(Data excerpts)

_ _ _ _ _

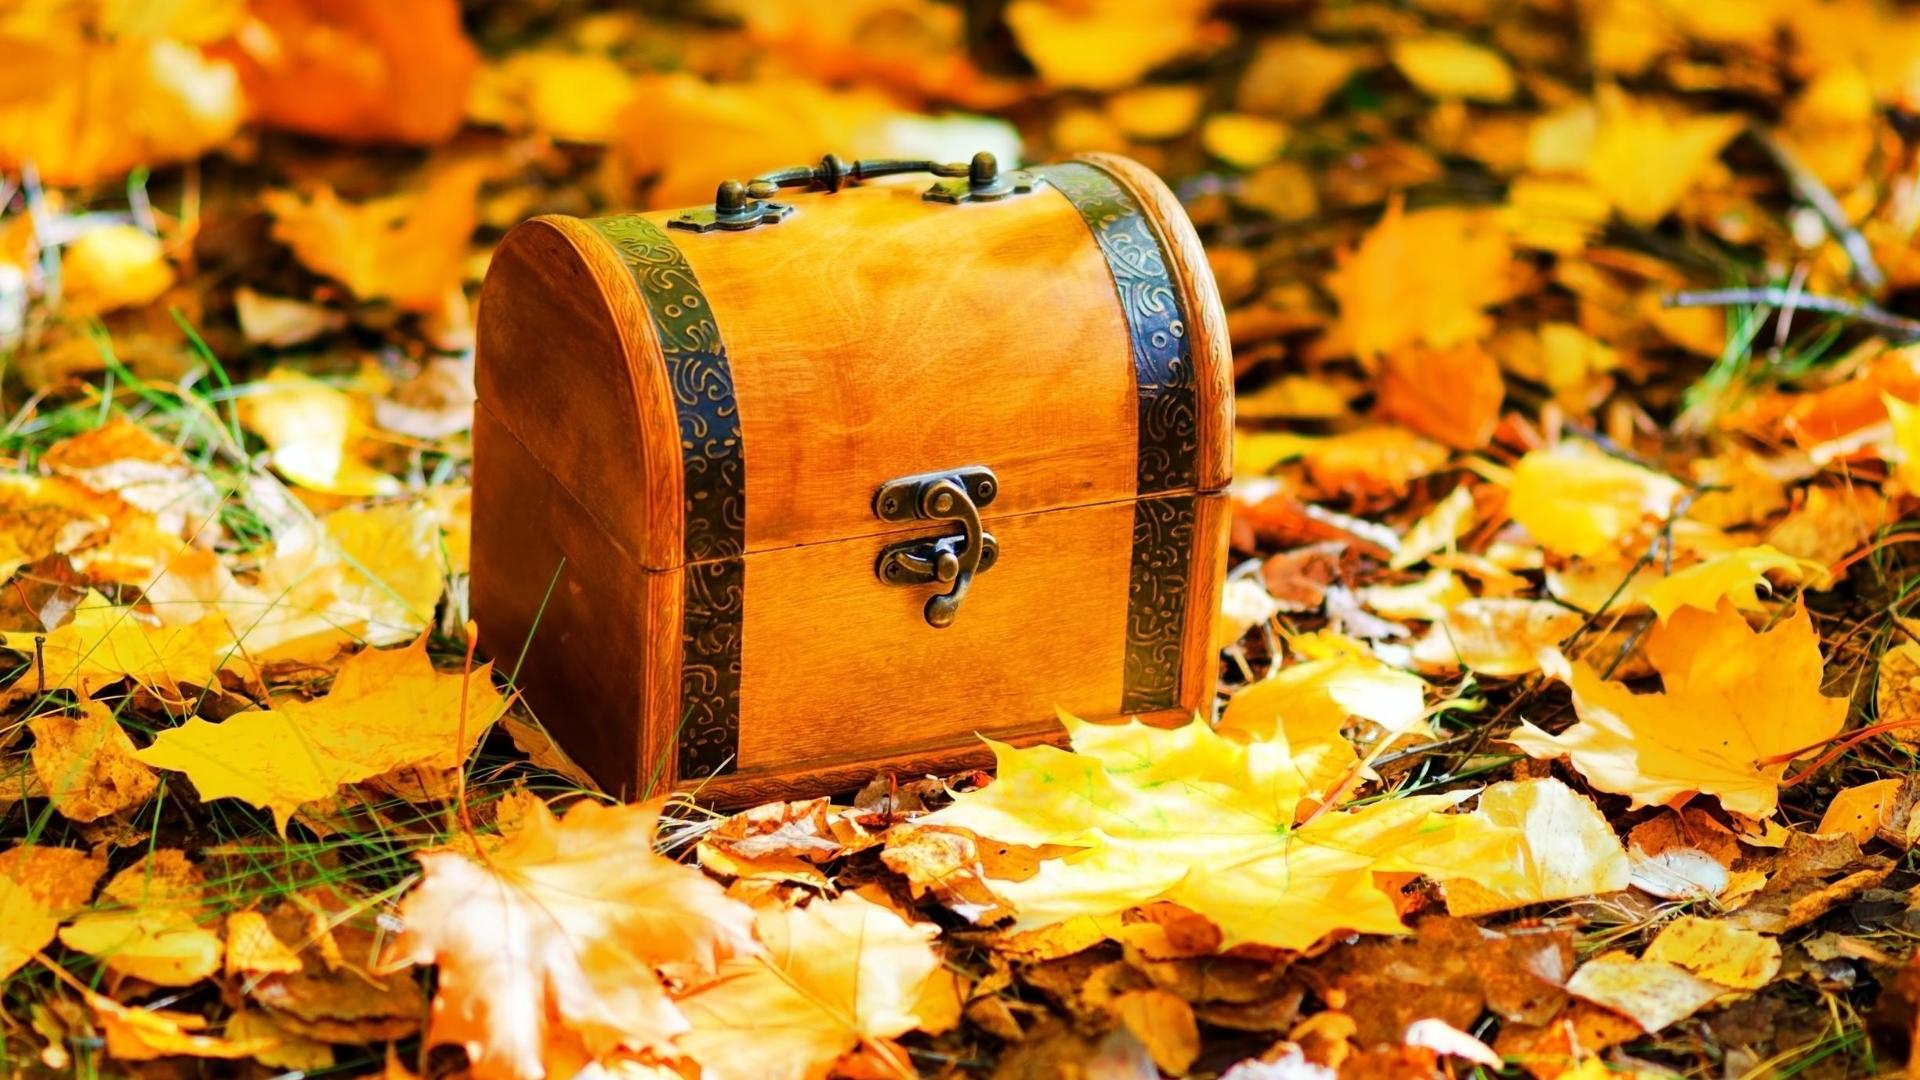 Обои на осень: 100 вдохновляющих фонов для рабочего стола – Canva
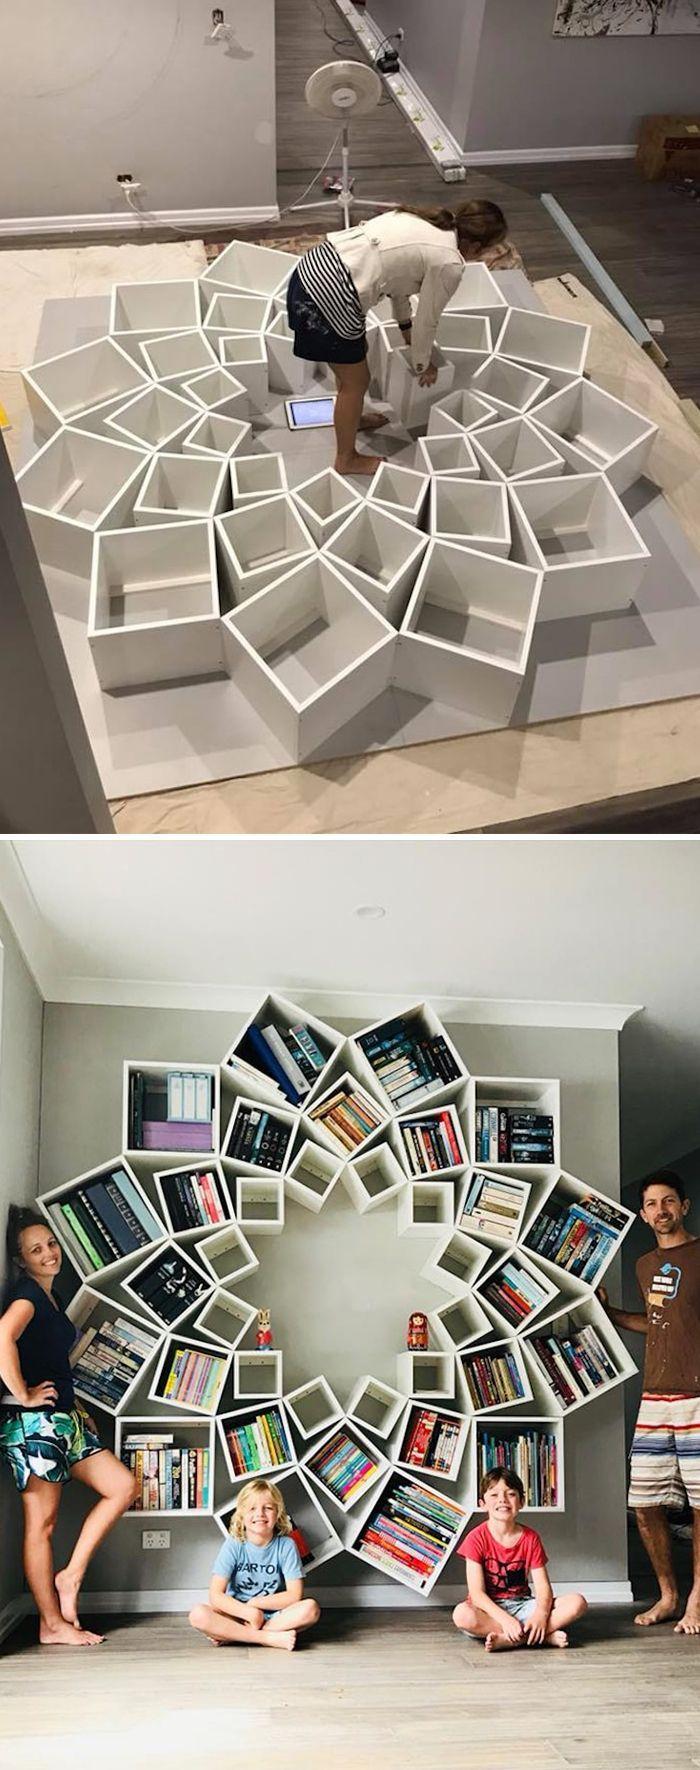 Декор для дома своими руками - книжный шкаф своими руками, организация пространства, интерьер комнаты #декор #интерьер #своимируками
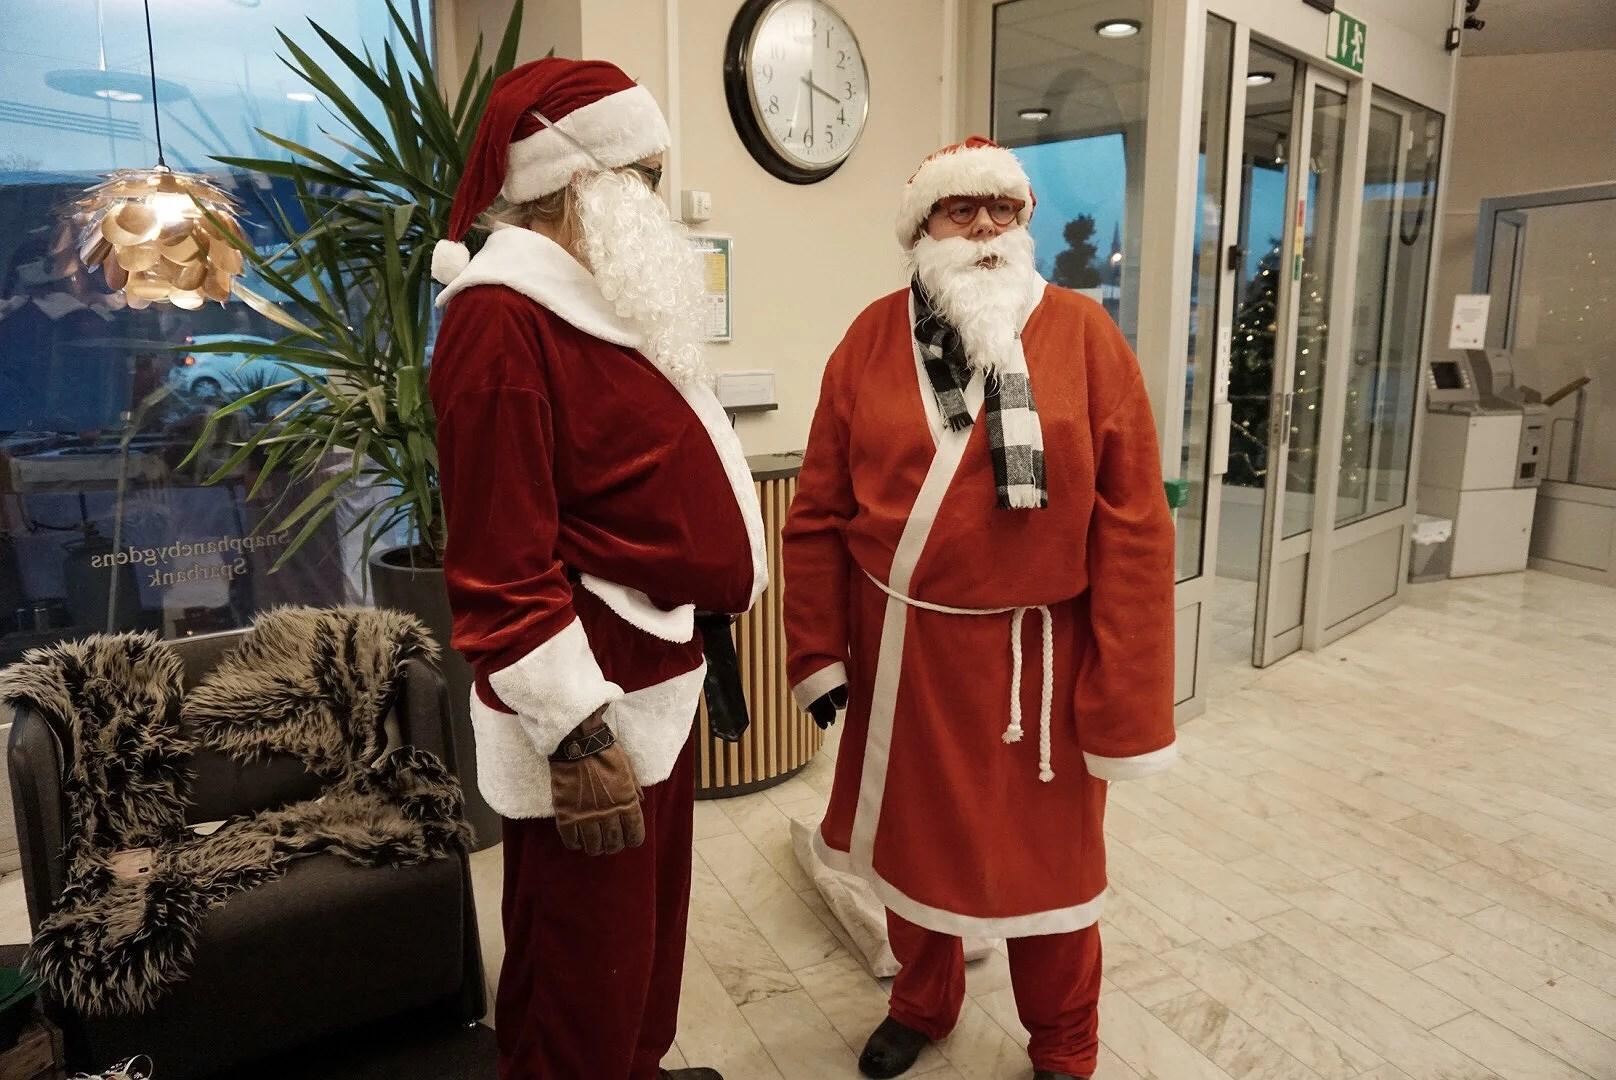 Julskyltning i Bjärnum!
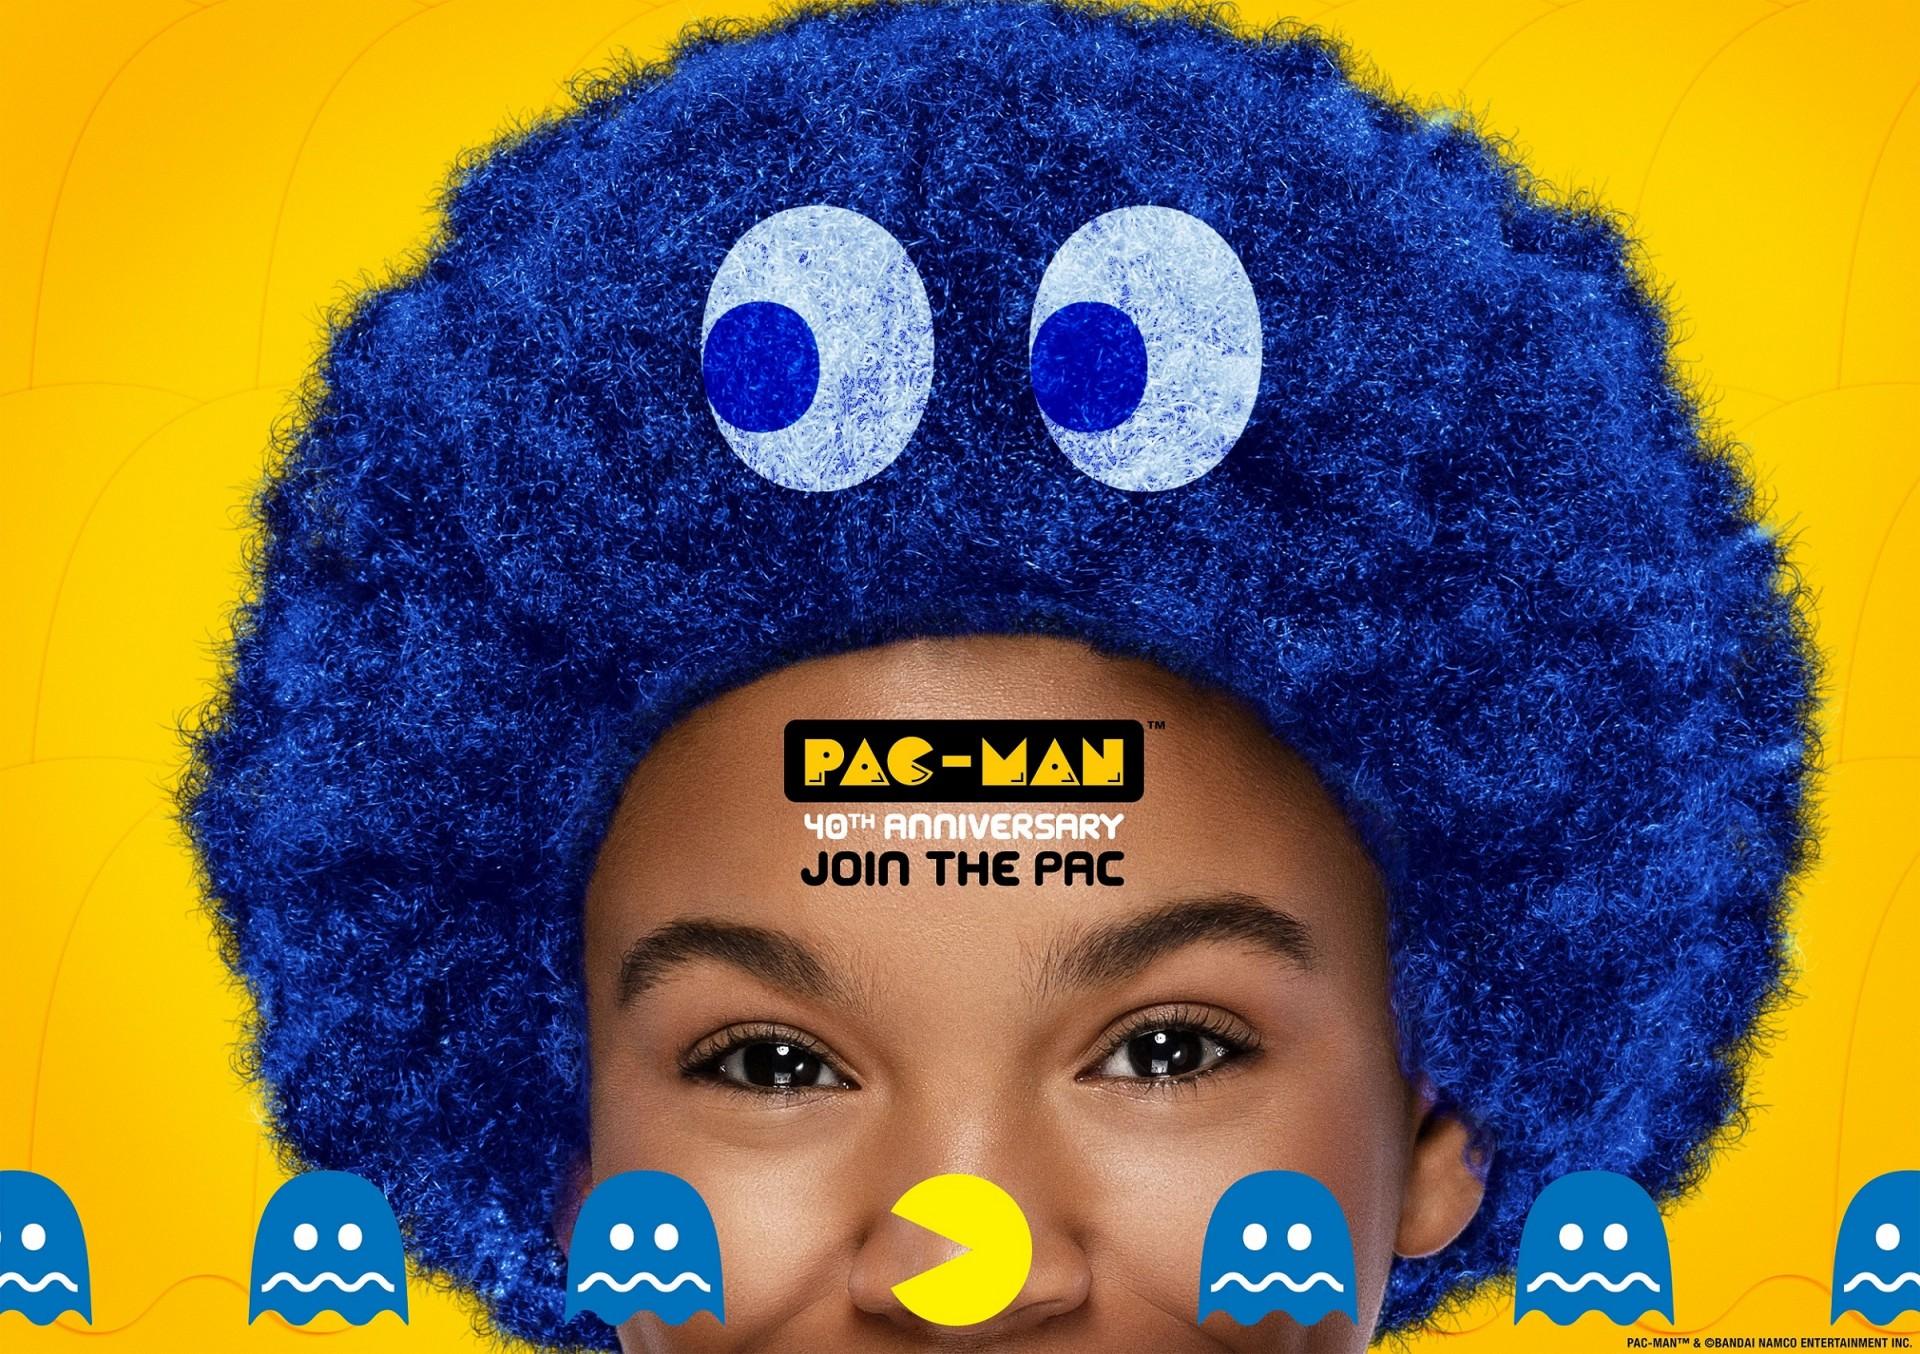 Pac-Man исполнилось 40 лет
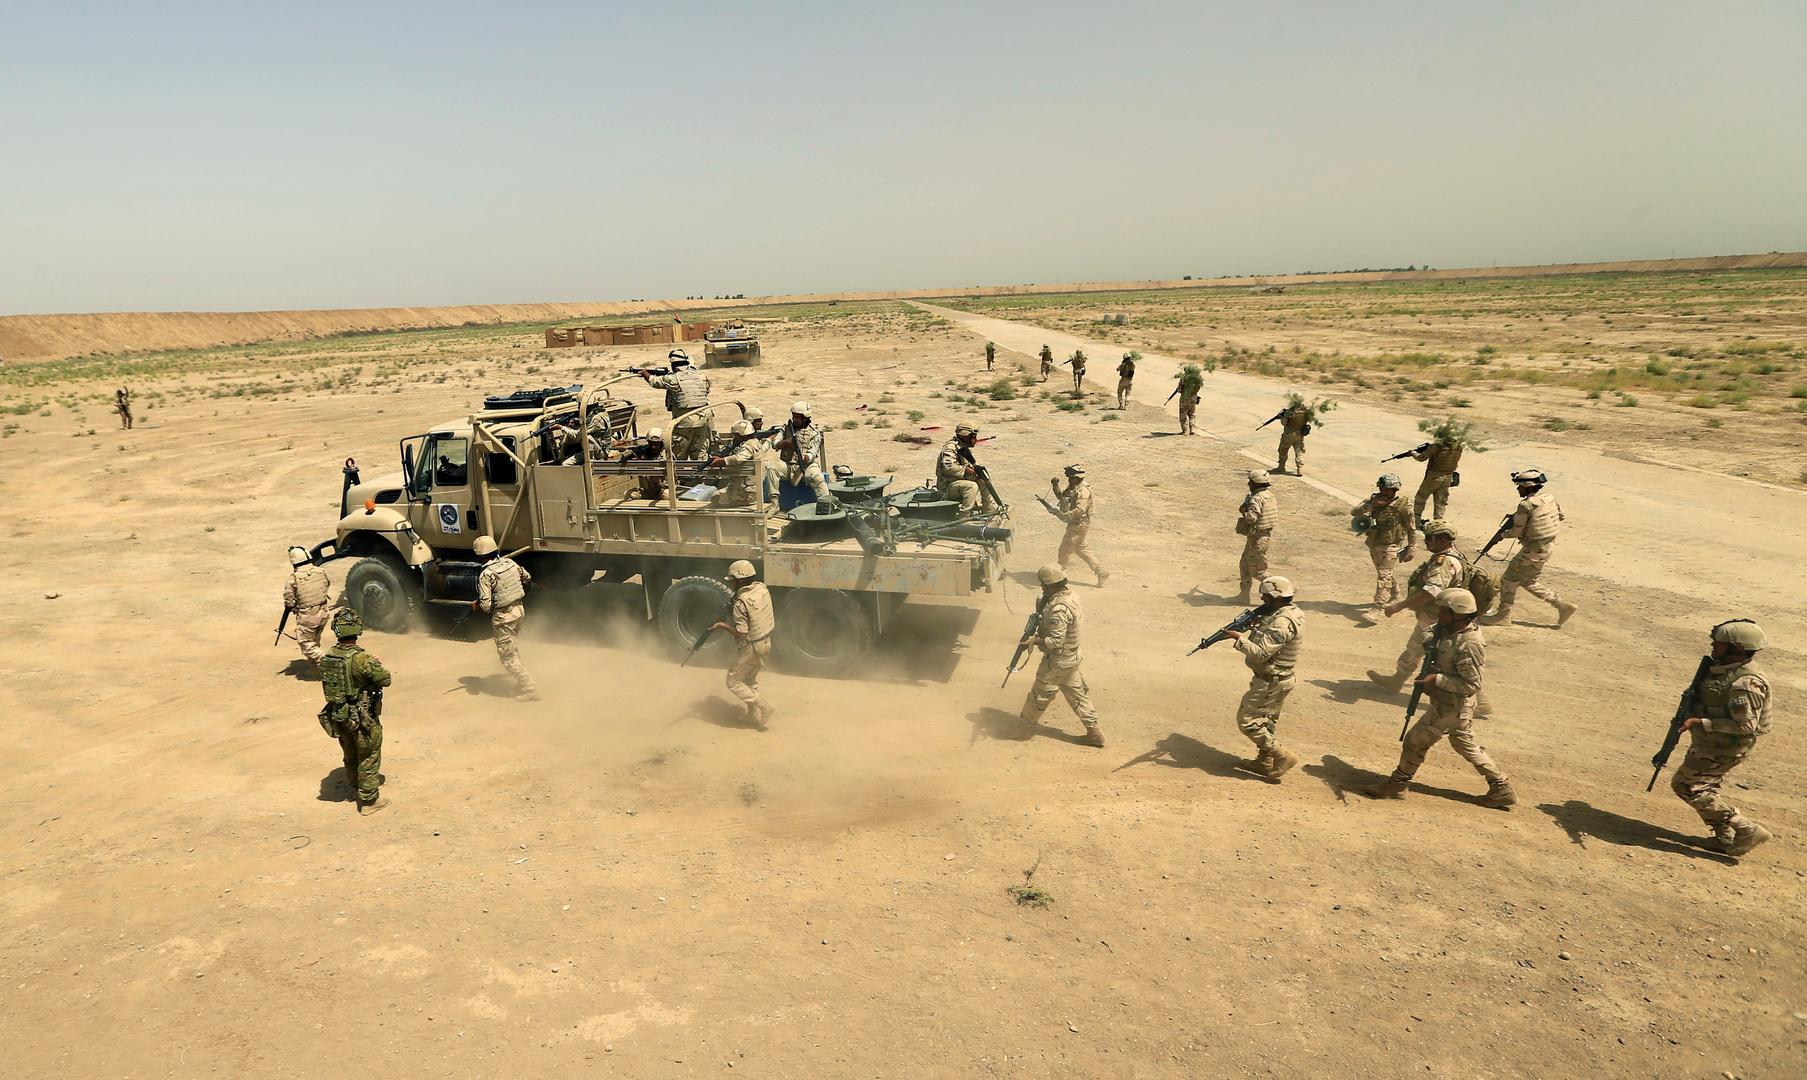 ضحية وجرحى من عناصر الجيش العراقي باستهداف دورية عسكرية شمال شرقي ديالى

_ _ _ _ _

TASK PROMPT: The copy you return must match the records above exactly, minus any images.

RESULT OF THE TASK:
 Обои на осень: 100 вдохновляющих фонов для рабочего стола – Canva
 Декор для дома своими руками - книжный шкаф своими руками, организация пространства, интерьер комнаты #декор #интерьер #своимируками
 Julskyltning i Bjärnum!
 Pac-Man исполнилось 40 лет
 ضحية وجرحى من عناصر الجيش العراقي باستهداف دورية عسكرية شمال شرقي ديالى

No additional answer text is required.